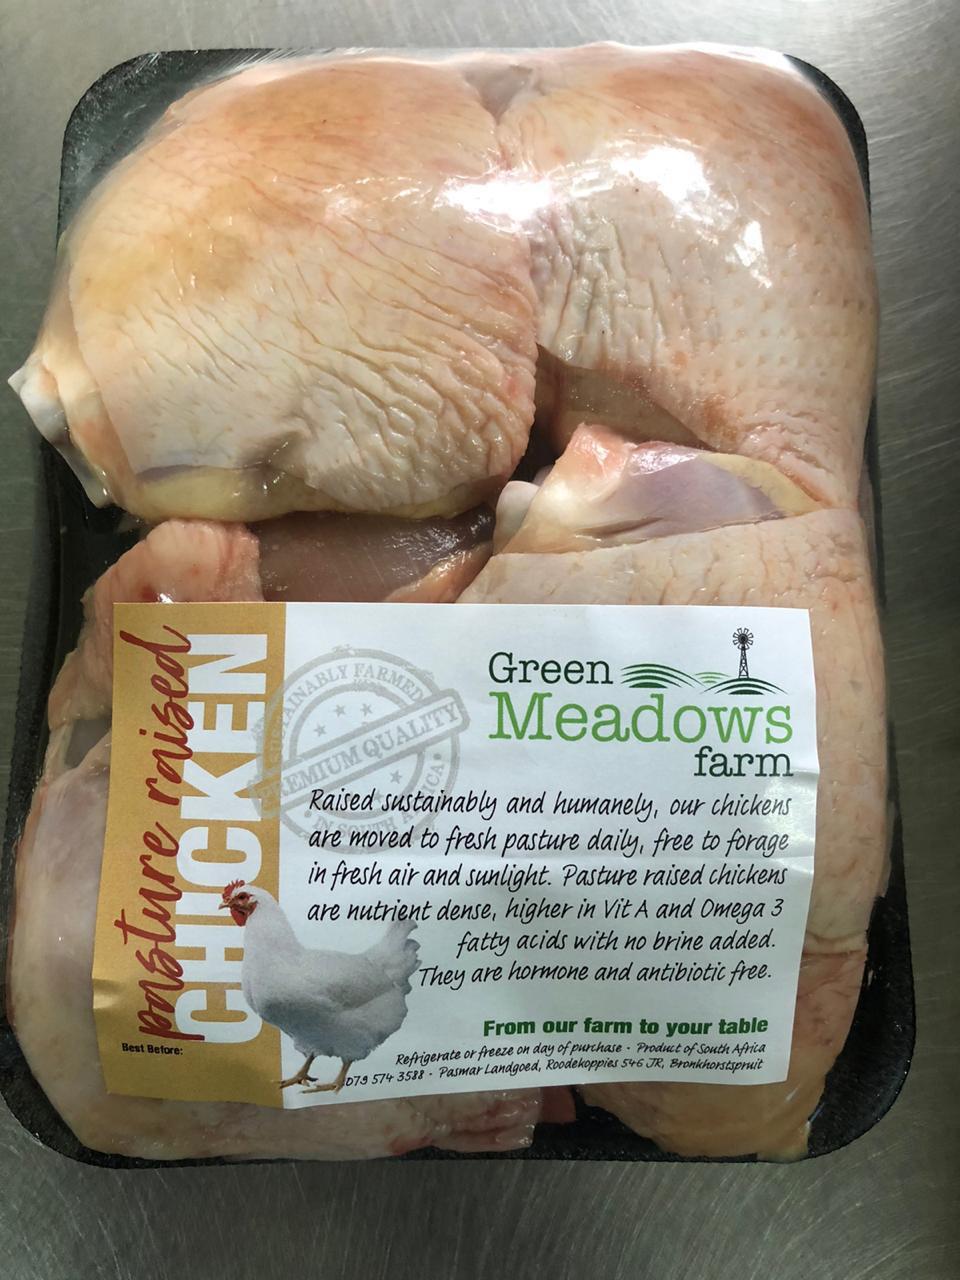 Free Range Chicken Thighs (R85 per kg) 4 per pack average packs is 500g
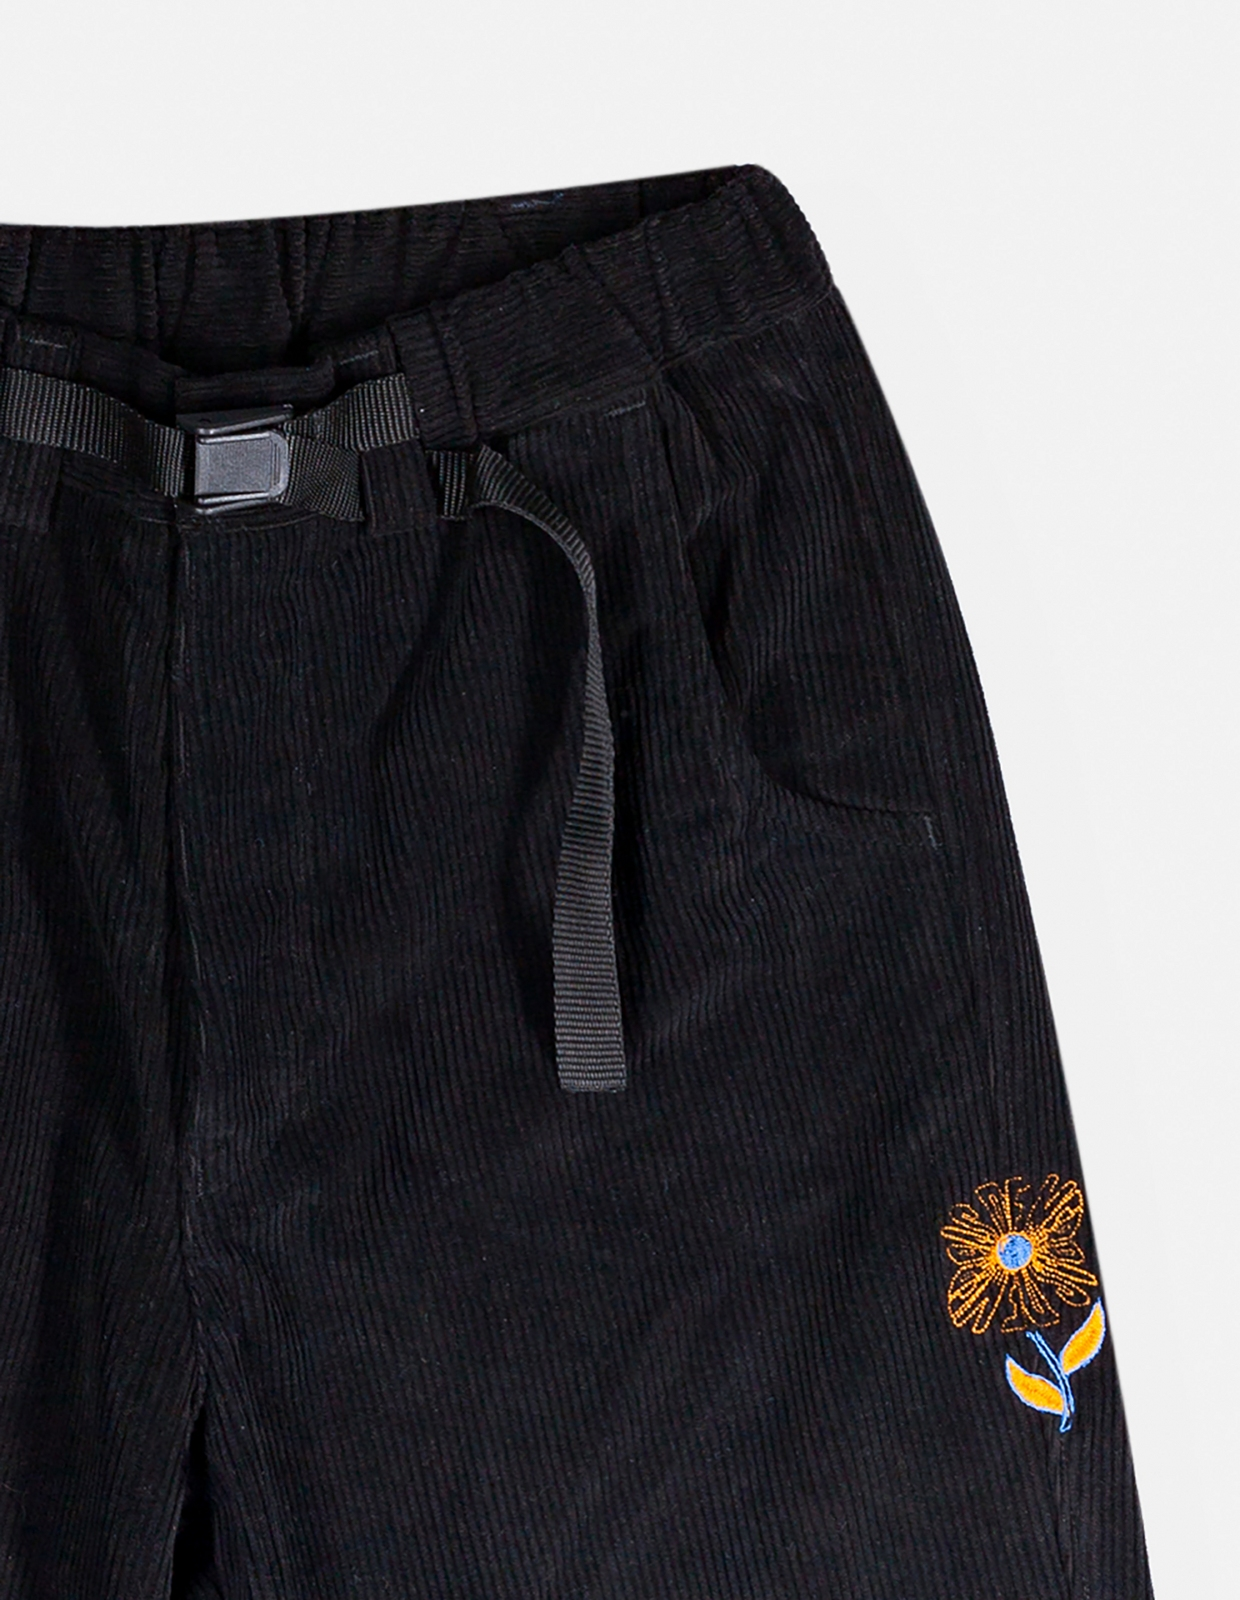 【PAS DE MER/パドゥメ】WRONG PLACE PANTS パンツ / BLACK
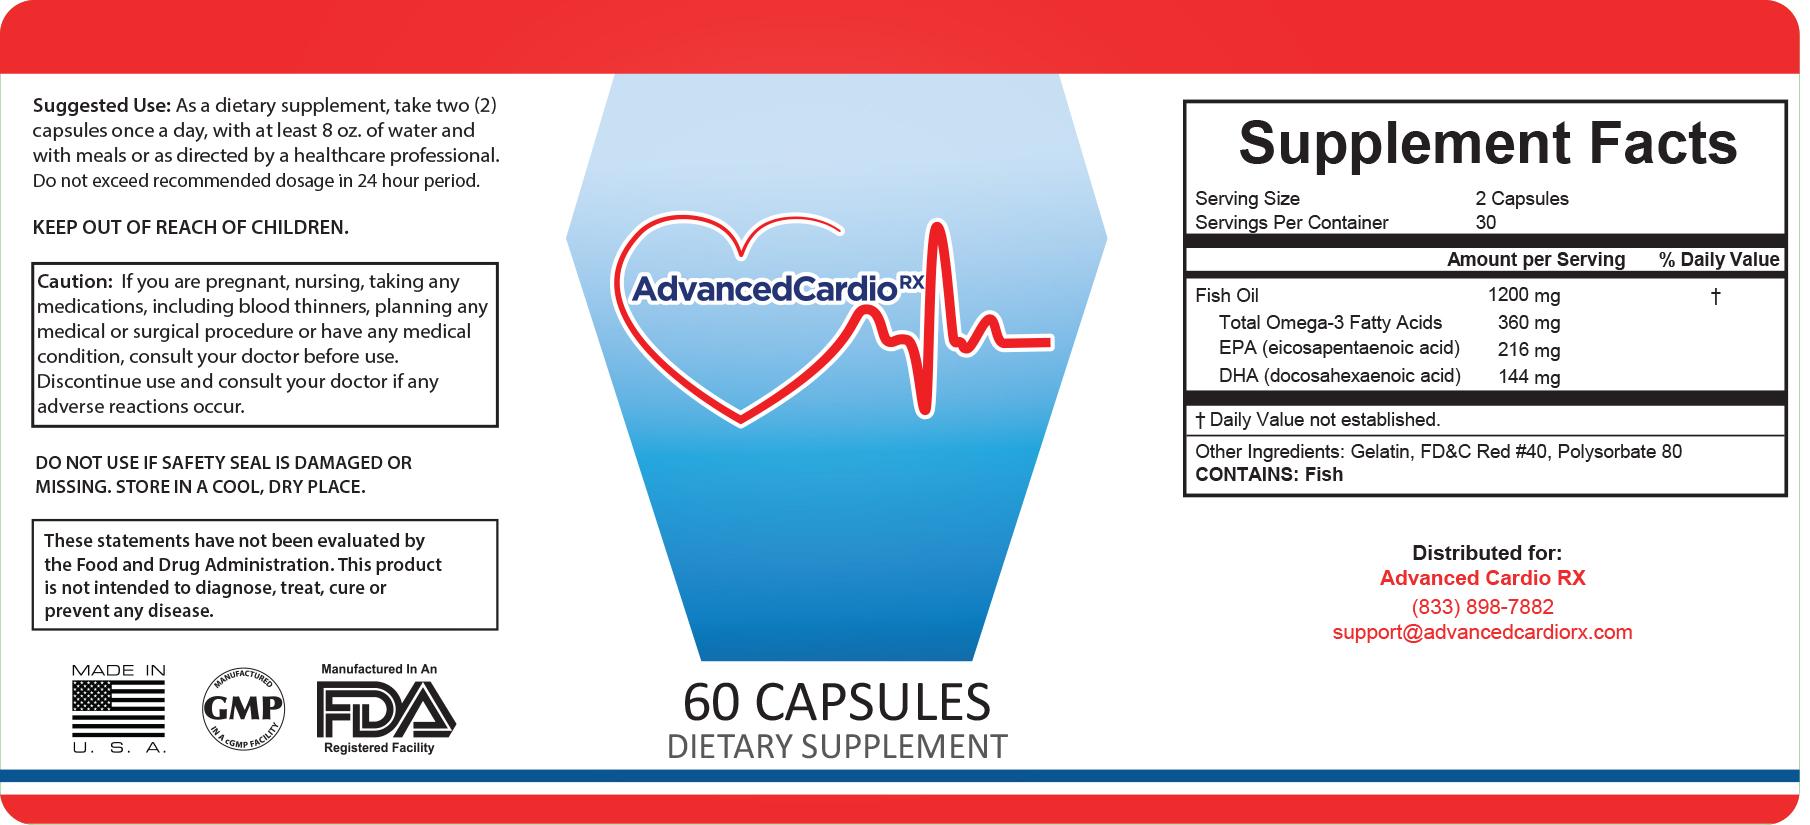 Advanced-CardioRX

### Work required
Retype each line of the listing above word for word. Exclude the pictures.

### Your solution
 Free Range Chicken Thighs (R85 per kg) 4 per pack average packs is 500g
 【PAS DE MER/パドゥメ】WRONG PLACE PANTS パンツ / BLACK
 Advanced-CardioRX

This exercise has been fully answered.